Two years ago, Texas Tech coaches compared defensive end Gary Moore’s build to that of Branden Jackson, the player he trains behind. Jackson’s grown to 6-foot-4 and 272 pounds whereas Moore, at 6-5, remains slim.
“Last time I heard, he was at 230, which for him is like 300,” defensive coordinator David Gibbs said.
Someone might call Moore skinny.
“He is,” Gibbs said, “but he is a tough, strong skinny dude.”
Moore played in 11 games as a redshirt freshman, on special teams and pass-rush packages. He was credited with seven tackles.

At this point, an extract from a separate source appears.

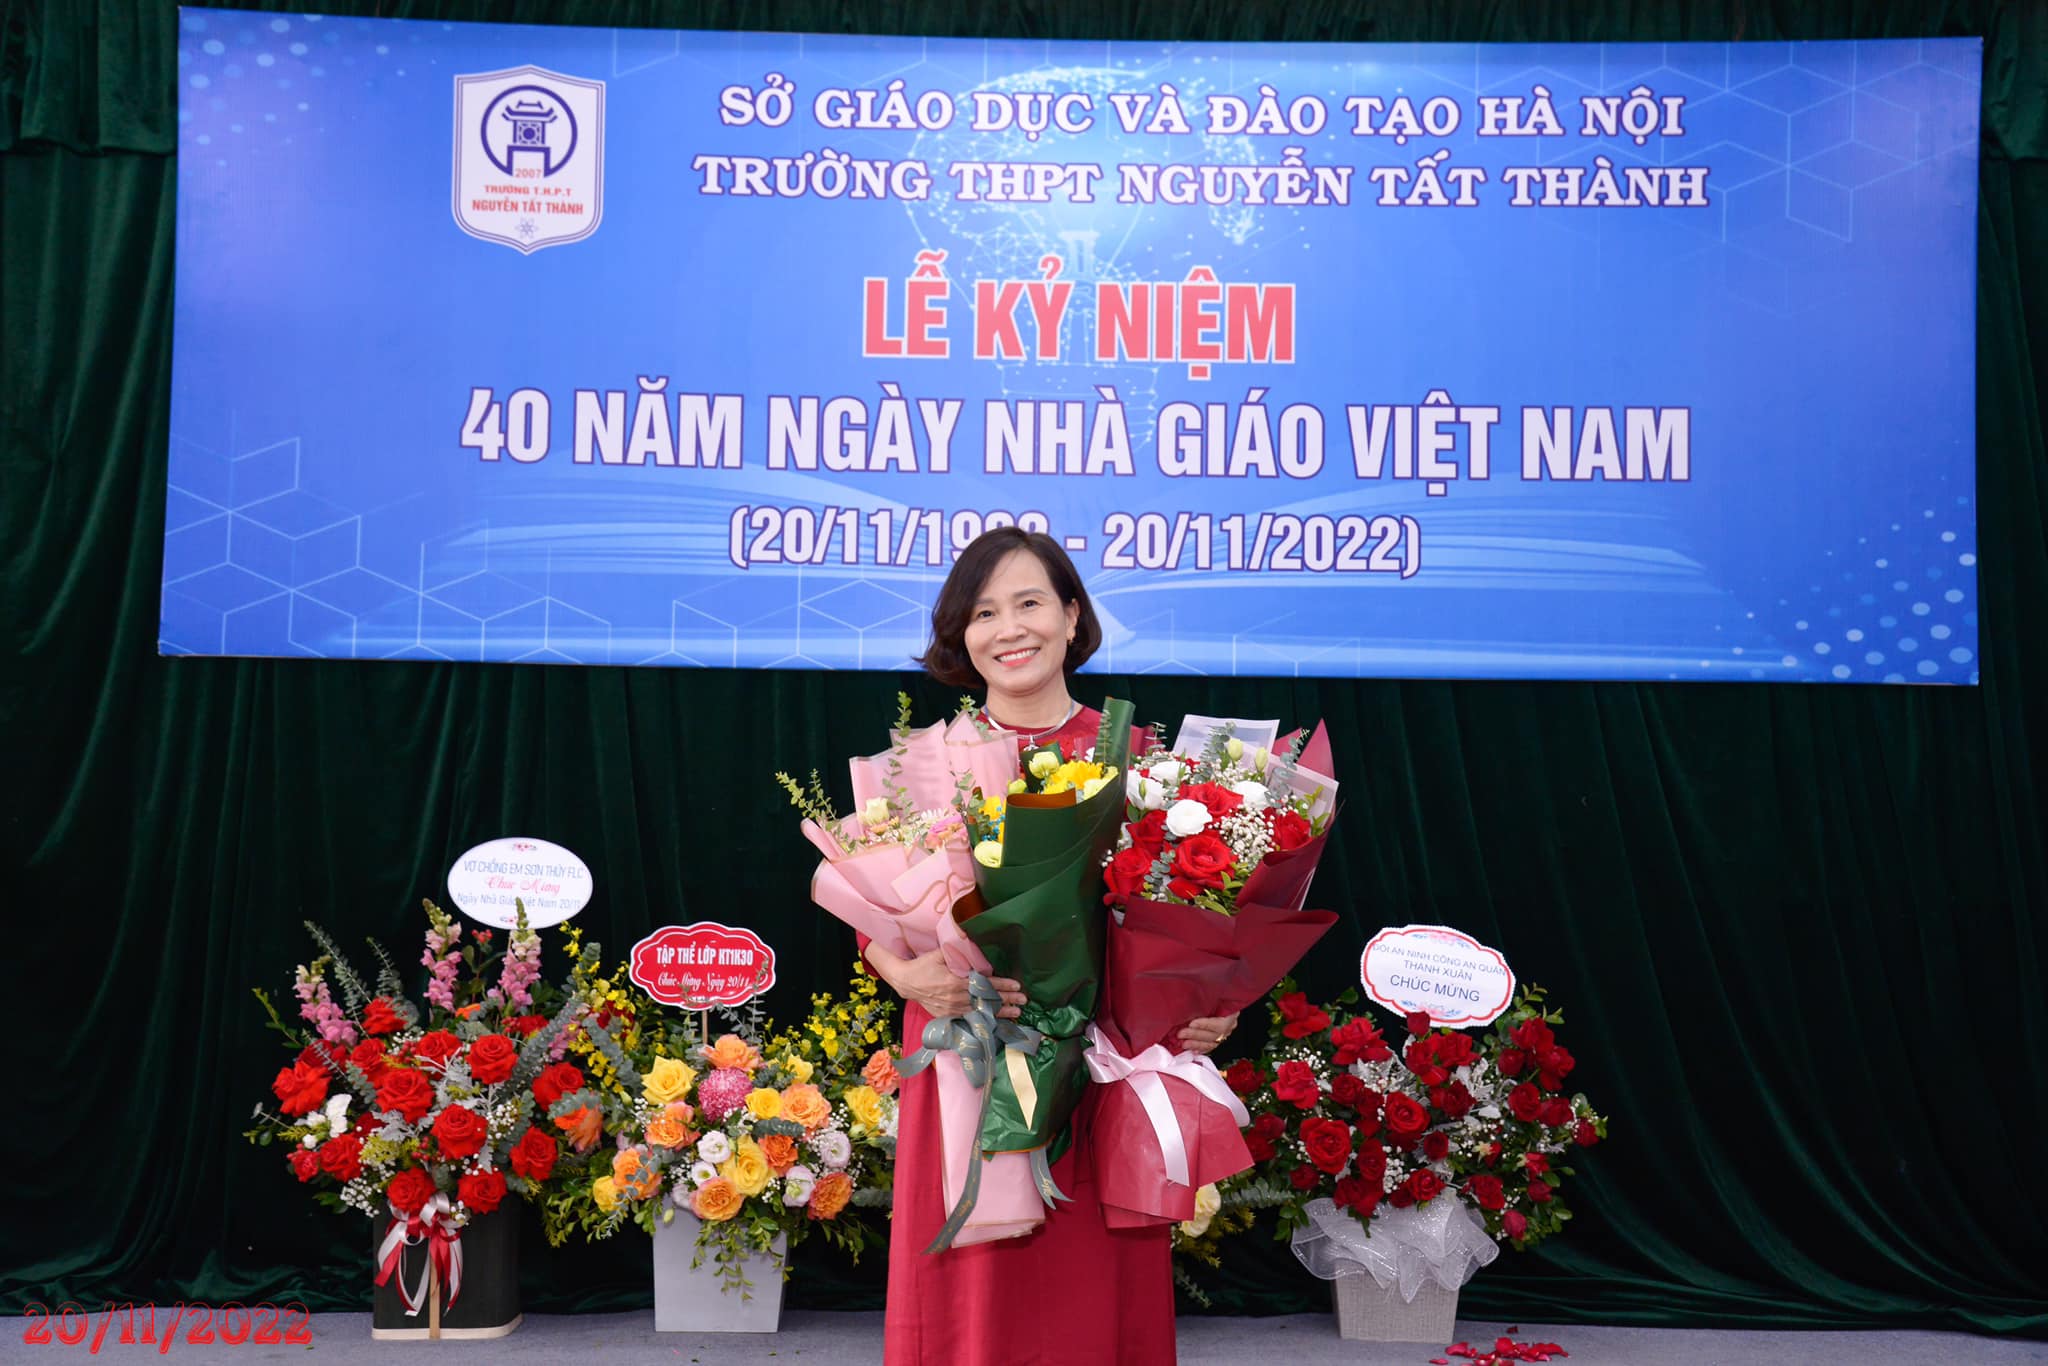 Ban giám hiệu trường THPT Nguyễn Tất Thành

When Texas Tech signed five offensive linemen in February, line coach Lee Hays thought Terence Steele, being young for his class, might need the most time to develop.

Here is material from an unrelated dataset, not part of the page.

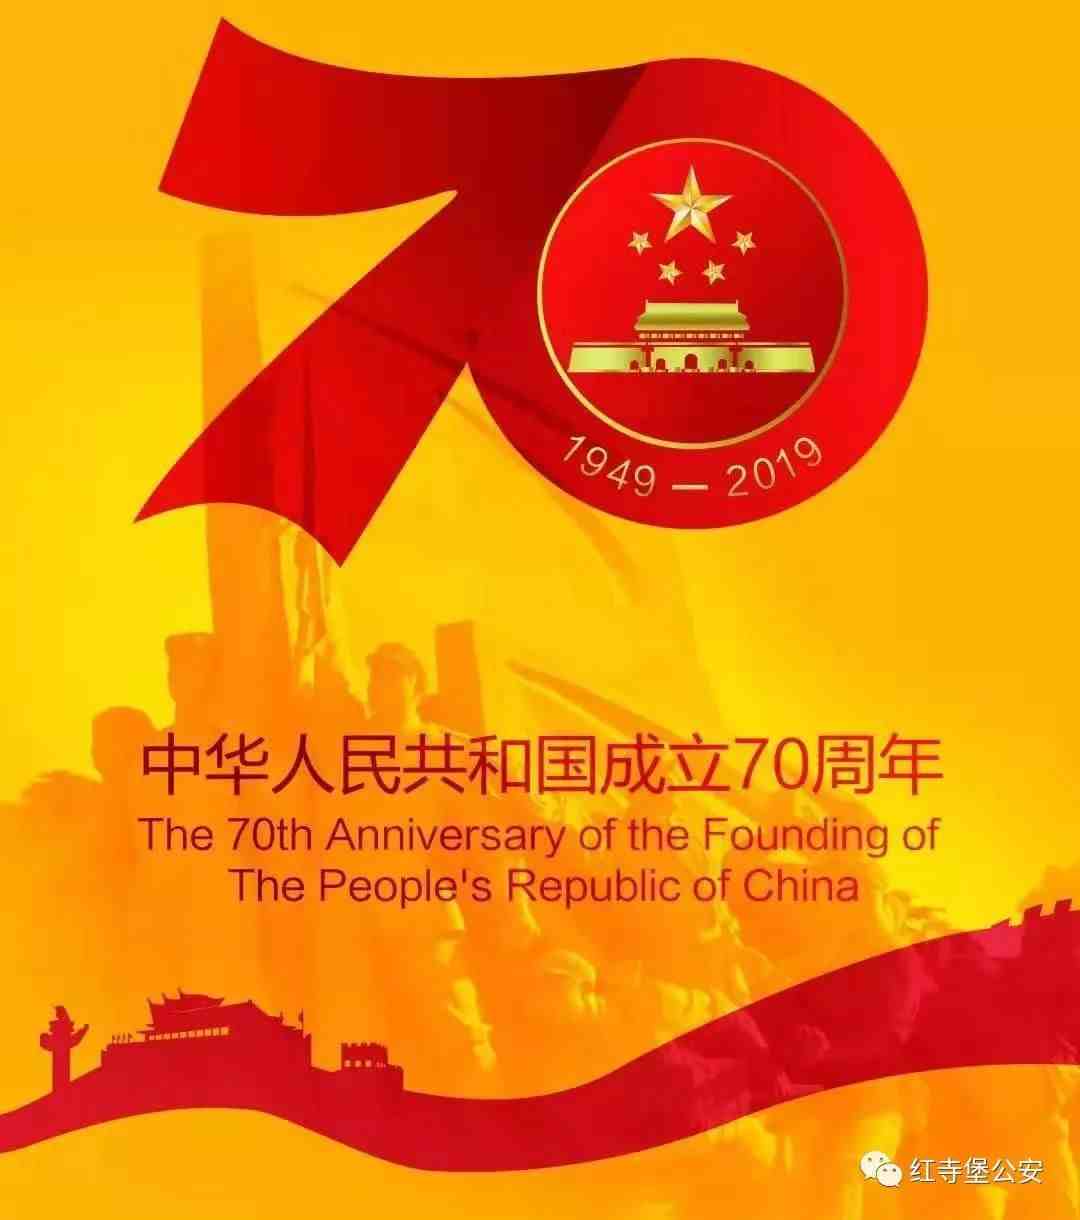 庆祝中华人民共和国成立70周年的宣传标语口号供你选~

He made a good first impression, though.
“I projected him to be a little bit behind, but that hasn’t been the case,” Hays said. “And his work ethic has been unbelievable. The o-line, to a man, when I asked who got the ooey gooey pie or the ooey gooey cake as hardest-working freshman at the end of the summer, they all pointed to him.”
Andre Ross has spent as much time on the sidelines as he has on the football field during his first two years at Texas Tech, derailing his bid to be a pass-rush contributor.
The senior from Calvert is running out of time, but feels prepared to make up for the lost time.
“I feel pretty healthy and strong, ready to go now,” Ross said.
Tech starts preseason practice on Thursday. Ross will compete with sophomore Gary Moore for backup snaps at defensive end behind Branden Jackson.
Texas Tech offensive lineman Poet Thomas has been moved to guard after spending his first two years in the program at tackle. That takes him out of the mix for the right tackle job.
The 6-foot-6, 325-pound sophomore from Beverly Hills, Michigan, could offer more bulk inside, a la James Polk, a 2014 senior who played both guard and tackle.
“He gives us a little bit more meat inside, where maybe we can push some people around,” line coach Lee Hays said.
Texas Tech wide receiver Reginald Davis said a suspension could be in the cards in the wake of his May 5 arrest.
“From what I’ve heard, I may miss the first half of the Sam Houston State game,” Davis said Tuesday, referring to the season opener. “It just made me look at life from a different angle. I should be grateful for everything I have.”
Among Texas Tech’s freshman receivers, Donta Thompson and Tony Brown are slotted to play split end – “X” in Tech’s vernacular – Keke Coutee and Quan Shorts will start out at H inside receiver and Jonathan Giles will train at Y inside receiver.
That’s the plan, coach Kliff Kingsbury said, for when the Red Raiders start practice Aug. 5.
Thompson, who was 6-foot-3 and 193 pounds when he reported this summer, could play inside or outside.